Masts to be axed from explosive-filled shipwreck in safety bid
- Published
Hidden below the Thames is one of London's most unlikely tourist destinations.
We've travelled about 30 minutes, along with a handful of day trippers from Southend, into the Thames Estuary.
Slowly, a set of masts sticking out from the grey waves come into view. This is the SS Richard Montgomery, beached on a sandbank in 1944.
The problem is that the wreck holds 1,400 tonnes of explosives - which could detonate.
The ship is decaying and if the cargo explodes, a huge tidal wave could blast towards the Kent and Essex shorelines and onwards towards the capital.
Richard Bain is from Jetstream Tours, which is seeing an increased interest in trips to see the masts of the SS Richard Montgomery.
"We get a lot of people interested in the Montgomery purely because it's a relic of the world wars," he said. "This year is the last year we are going to be able see those masts."
The wreck is monitored and there is an exclusion zone around it but it is not far from the main shipping lanes into the capital.

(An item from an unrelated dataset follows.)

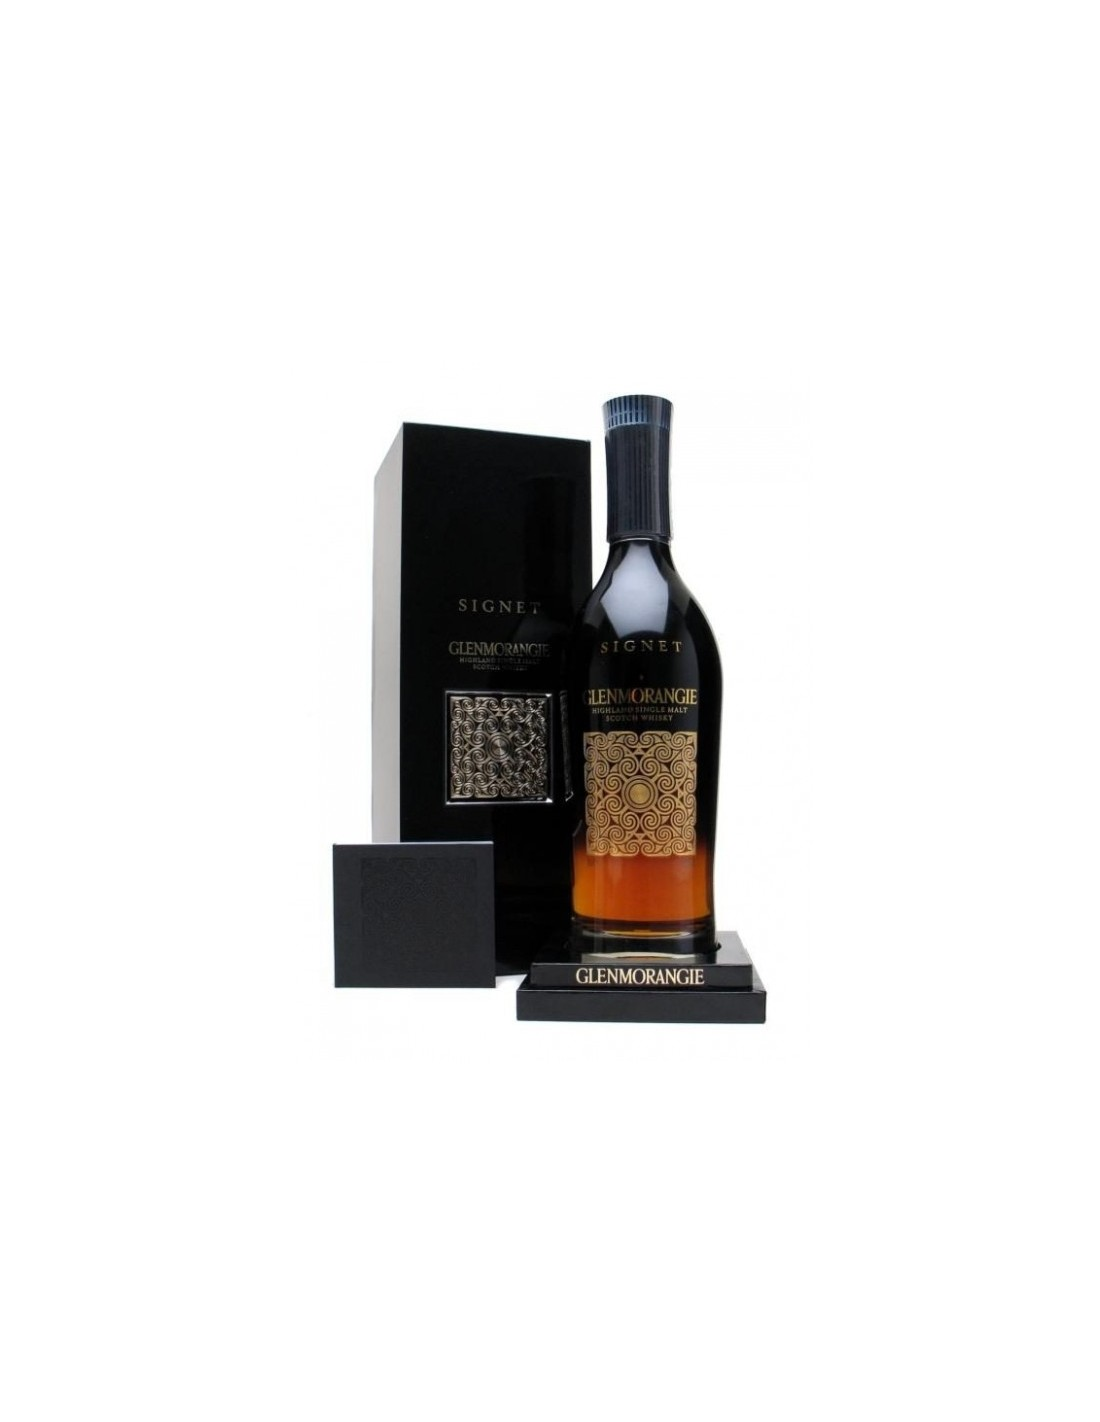 Whisky Glenmorangie Signet, 46% alc., 0.7L, Scotia

It is also not far from the site of the proposed Thames Estuary Airport, which was lauded by the then-mayor and now prime minister Boris Johnson.
The Department for Transport wants to trim the masts as it is feared they could fall on to the boat below and cause a detonation. Businesses have been told the masts will go in June.
Mr Bain said he understood why it was necessary because the "wind and waves eventually collapse" everything in the rover, but it was "a shame to see them go".
"To avoid a potentially catastrophic explosion, if it ever did come to that, I think taking the masts off is one of the best things the government has done this year," he added.
Professor David Alexander, from University College London, is an expert in risk and disaster reduction and has studied the SS Richard Montgomery in detail.
"Here you have got the remains of a ship broken into two," he said. "A top event is all of that goes up and there's an almighty blast... and a huge column of water and debris and stuff.
"And we still have analogues of that from around the world where that has happened in the past so it's not a totally unforeseen event. "
The risk to nearby infrastructure could be on the scale of "a minor tsunami" in the worst case scenario, he said.
A Department for Transport spokesperson said monitoring suggested the wreck was in a "relatively stable condition" and expert surveys were under way on reducing the height of the masts.
But Professor Alexander thinks it is time the authorities removed the explosives, although he admitted the work would not be cheap, not least because "there's only one company in the world that could do that" and would "probably need robots".
He said: "You'd certainly need enormous care because the structure of the ship is disintegrating at an accelerated rate.
"I think over the last 77 years the government has thought to itself 'well, the longer we leave it, the safer it gets'.
"It appears if you talk to experts in explosives, that is the opposite of the truth."